**Your objective:** When the line containing "Delacroix Cheval sauvage 1828 Stock Photo" is reached, begin reproducing lines exactly and continue through the last line of the records below.

*** Source material Section Begins ***

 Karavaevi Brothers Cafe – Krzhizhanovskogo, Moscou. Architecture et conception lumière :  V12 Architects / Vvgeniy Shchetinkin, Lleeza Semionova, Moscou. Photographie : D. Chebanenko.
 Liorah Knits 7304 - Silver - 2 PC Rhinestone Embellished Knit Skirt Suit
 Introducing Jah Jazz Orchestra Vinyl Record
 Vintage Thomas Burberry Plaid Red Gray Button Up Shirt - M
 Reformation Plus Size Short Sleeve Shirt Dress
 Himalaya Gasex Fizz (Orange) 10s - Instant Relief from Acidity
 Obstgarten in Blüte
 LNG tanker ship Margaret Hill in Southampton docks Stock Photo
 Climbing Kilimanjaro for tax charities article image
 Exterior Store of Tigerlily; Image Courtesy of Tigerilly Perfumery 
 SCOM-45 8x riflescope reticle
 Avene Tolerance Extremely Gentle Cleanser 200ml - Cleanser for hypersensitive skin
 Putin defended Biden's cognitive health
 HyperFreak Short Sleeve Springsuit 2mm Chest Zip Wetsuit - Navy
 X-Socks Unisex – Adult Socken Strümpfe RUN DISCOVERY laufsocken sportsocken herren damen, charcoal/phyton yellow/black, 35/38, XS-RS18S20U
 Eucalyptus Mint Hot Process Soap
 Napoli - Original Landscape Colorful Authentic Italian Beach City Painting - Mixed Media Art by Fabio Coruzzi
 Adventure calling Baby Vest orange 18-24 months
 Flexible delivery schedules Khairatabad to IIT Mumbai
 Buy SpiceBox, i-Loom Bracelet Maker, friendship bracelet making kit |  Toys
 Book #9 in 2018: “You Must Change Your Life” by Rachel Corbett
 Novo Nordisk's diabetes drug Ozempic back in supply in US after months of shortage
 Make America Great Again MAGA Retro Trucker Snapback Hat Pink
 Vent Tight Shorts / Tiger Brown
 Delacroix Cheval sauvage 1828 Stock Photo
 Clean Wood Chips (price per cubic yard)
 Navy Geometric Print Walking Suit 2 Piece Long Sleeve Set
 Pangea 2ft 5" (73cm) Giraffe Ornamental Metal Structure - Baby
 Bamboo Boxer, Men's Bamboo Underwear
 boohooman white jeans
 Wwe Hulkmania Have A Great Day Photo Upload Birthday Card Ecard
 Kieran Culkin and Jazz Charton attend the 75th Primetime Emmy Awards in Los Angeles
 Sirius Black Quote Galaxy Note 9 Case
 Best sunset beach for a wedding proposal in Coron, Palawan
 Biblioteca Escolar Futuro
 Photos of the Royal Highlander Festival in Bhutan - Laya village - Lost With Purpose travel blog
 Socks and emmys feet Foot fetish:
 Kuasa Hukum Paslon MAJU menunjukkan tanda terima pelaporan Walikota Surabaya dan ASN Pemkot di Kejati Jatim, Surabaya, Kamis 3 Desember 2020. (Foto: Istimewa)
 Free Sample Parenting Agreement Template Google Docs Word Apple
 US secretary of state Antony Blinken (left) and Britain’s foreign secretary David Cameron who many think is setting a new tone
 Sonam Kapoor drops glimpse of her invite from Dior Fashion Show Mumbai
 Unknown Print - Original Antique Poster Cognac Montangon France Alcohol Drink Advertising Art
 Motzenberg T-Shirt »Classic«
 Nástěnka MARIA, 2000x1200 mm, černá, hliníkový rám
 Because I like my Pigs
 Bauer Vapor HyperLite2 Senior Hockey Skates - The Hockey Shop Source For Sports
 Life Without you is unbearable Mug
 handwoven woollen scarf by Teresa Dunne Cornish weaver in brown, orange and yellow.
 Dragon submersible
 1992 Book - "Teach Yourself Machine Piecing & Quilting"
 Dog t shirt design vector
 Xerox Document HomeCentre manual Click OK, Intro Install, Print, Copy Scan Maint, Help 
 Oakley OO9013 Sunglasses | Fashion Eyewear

*** Source material Section Ends ***

**Problem solution:**
 Delacroix Cheval sauvage 1828 Stock Photo
 Clean Wood Chips (price per cubic yard)
 Navy Geometric Print Walking Suit 2 Piece Long Sleeve Set
 Pangea 2ft 5" (73cm) Giraffe Ornamental Metal Structure - Baby
 Bamboo Boxer, Men's Bamboo Underwear
 boohooman white jeans
 Wwe Hulkmania Have A Great Day Photo Upload Birthday Card Ecard
 Kieran Culkin and Jazz Charton attend the 75th Primetime Emmy Awards in Los Angeles
 Sirius Black Quote Galaxy Note 9 Case
 Best sunset beach for a wedding proposal in Coron, Palawan
 Biblioteca Escolar Futuro
 Photos of the Royal Highlander Festival in Bhutan - Laya village - Lost With Purpose travel blog
 Socks and emmys feet Foot fetish:
 Kuasa Hukum Paslon MAJU menunjukkan tanda terima pelaporan Walikota Surabaya dan ASN Pemkot di Kejati Jatim, Surabaya, Kamis 3 Desember 2020. (Foto: Istimewa)
 Free Sample Parenting Agreement Template Google Docs Word Apple
 US secretary of state Antony Blinken (left) and Britain’s foreign secretary David Cameron who many think is setting a new tone
 Sonam Kapoor drops glimpse of her invite from Dior Fashion Show Mumbai
 Unknown Print - Original Antique Poster Cognac Montangon France Alcohol Drink Advertising Art
 Motzenberg T-Shirt »Classic«
 Nástěnka MARIA, 2000x1200 mm, černá, hliníkový rám
 Because I like my Pigs
 Bauer Vapor HyperLite2 Senior Hockey Skates - The Hockey Shop Source For Sports
 Life Without you is unbearable Mug
 handwoven woollen scarf by Teresa Dunne Cornish weaver in brown, orange and yellow.
 Dragon submersible
 1992 Book - "Teach Yourself Machine Piecing & Quilting"
 Dog t shirt design vector
 Xerox Document HomeCentre manual Click OK, Intro Install, Print, Copy Scan Maint, Help 
 Oakley OO9013 Sunglasses | Fashion Eyewear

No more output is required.